False Imprisonment

False imprisonment refers to the illegal restraint of an individual against her will by somebody without legal authority or explanation. As an example, an armed bank thief shouts at the customers to get down on the floor, making threats that he/she will shoot them if they will attempt to escape. Knowing that they will be killed if they attempt to leave, they are held against their will. Thus, these captive bank customers can file charges and claim damages against the bank thief. The bank thief will be sued with the crime of false imprisonment. Policemen can also be charged with false imprisonment if they go beyond their authority like detaining somebody without due justification.

Any person, who purposely limits the freedom of movement of an individual with his /her permission and without legal justification, may be held responsible for false imprisonment, which is a both civil and criminal act.
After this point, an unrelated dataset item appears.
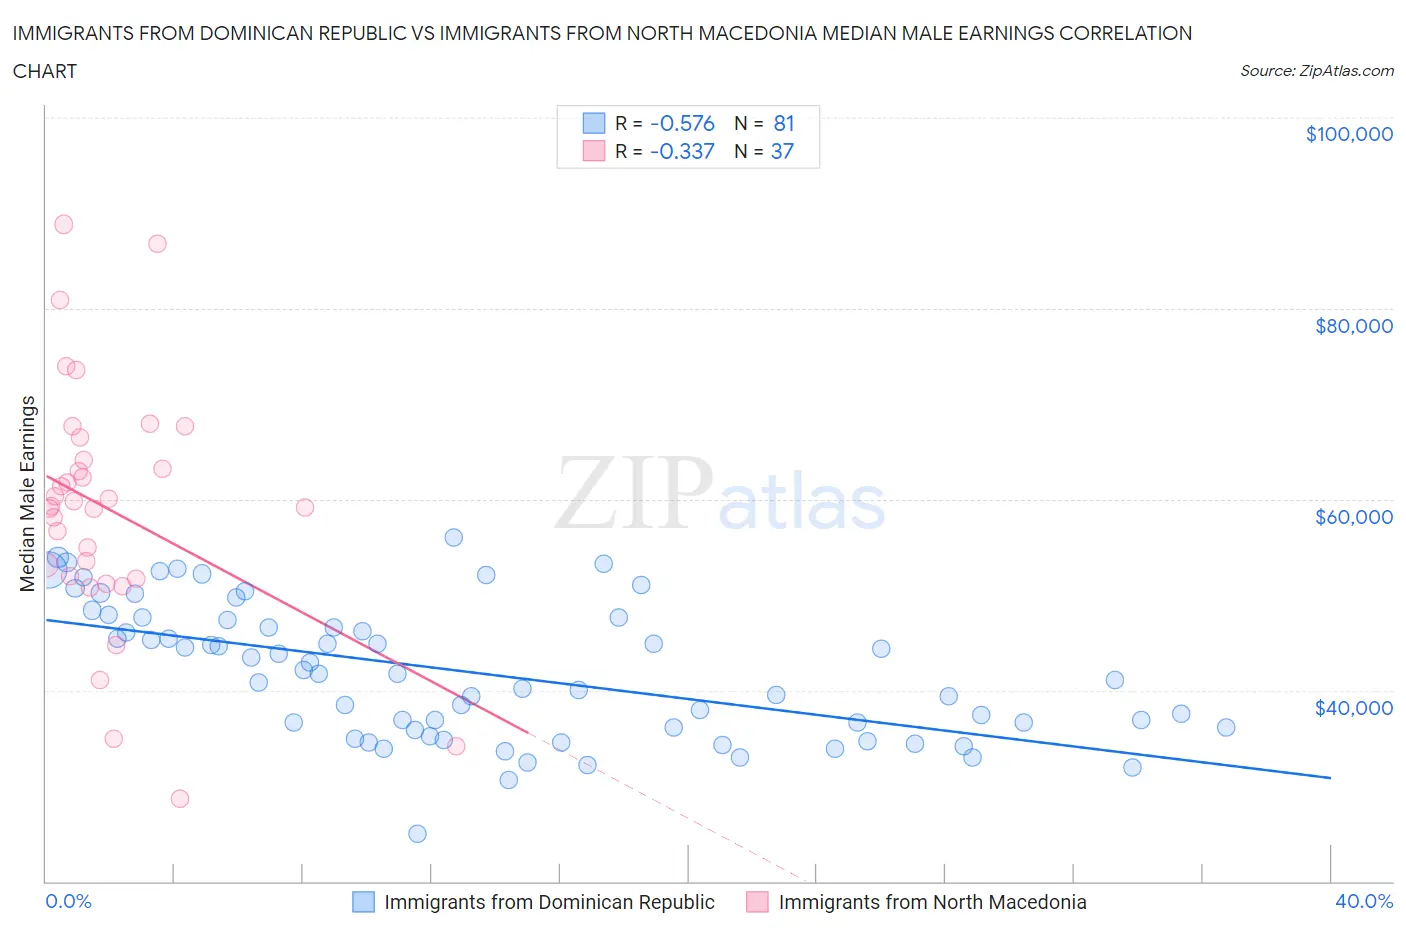 Immigrants from Dominican Republic vs Immigrants from North Macedonia Median Male Earnings

It can happen in a room, in a moving vehicle, or on the streets, as long as the person is limited or unable to move freely against his/her will.

In the same way, “false arrest” refers to a situation somebody arrests another person without legal authority to do such act and this act becomes false imprisonment once the person “arrested” is taken into custody.
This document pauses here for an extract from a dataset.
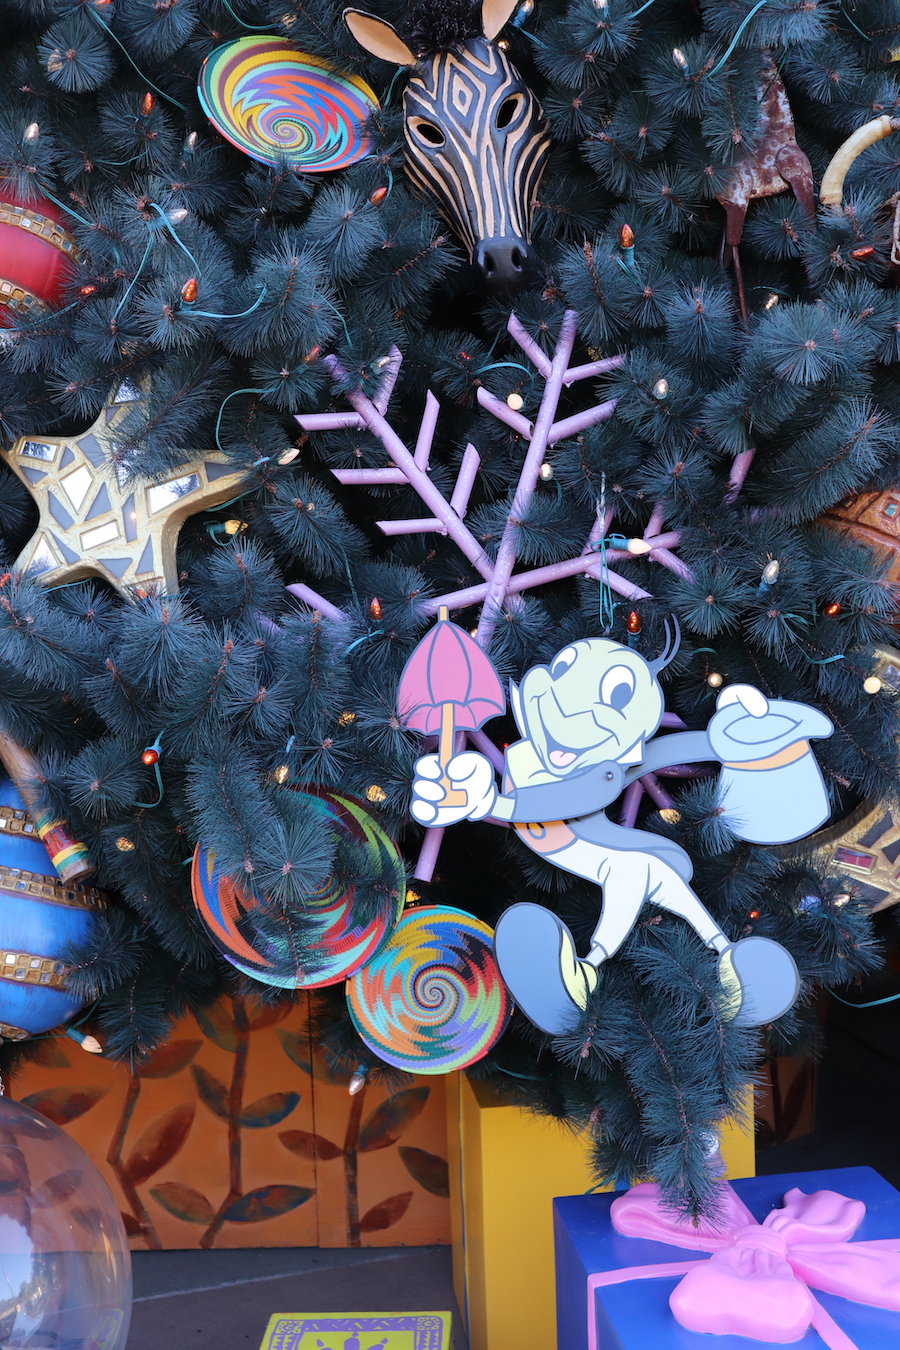 Unique and Eclectic Ornaments on Animal Kingdom's Christmas Tree

Elements of False Imprisonment Claim

All states have their false imprisonment laws to safeguard people from illegal detention or confinement. To show that a false imprisonment case happens, here are the essential elements that must be present:

  • There must be a willful detention;
  • That the detention must be without permission or consent; and
  • That the detention is illegal or unlawful.

False imprisonment comes in many forms which include the threat or use of authority that detains you against your will or without permission. Physical force is usually used but it is not needed. Furthermore, restraining a person may be enforced by physical hindrances like being locked in a vehicle, or through unreasonable duress like holding somebody “within the bounds of a fixed area” for a long duration period of time.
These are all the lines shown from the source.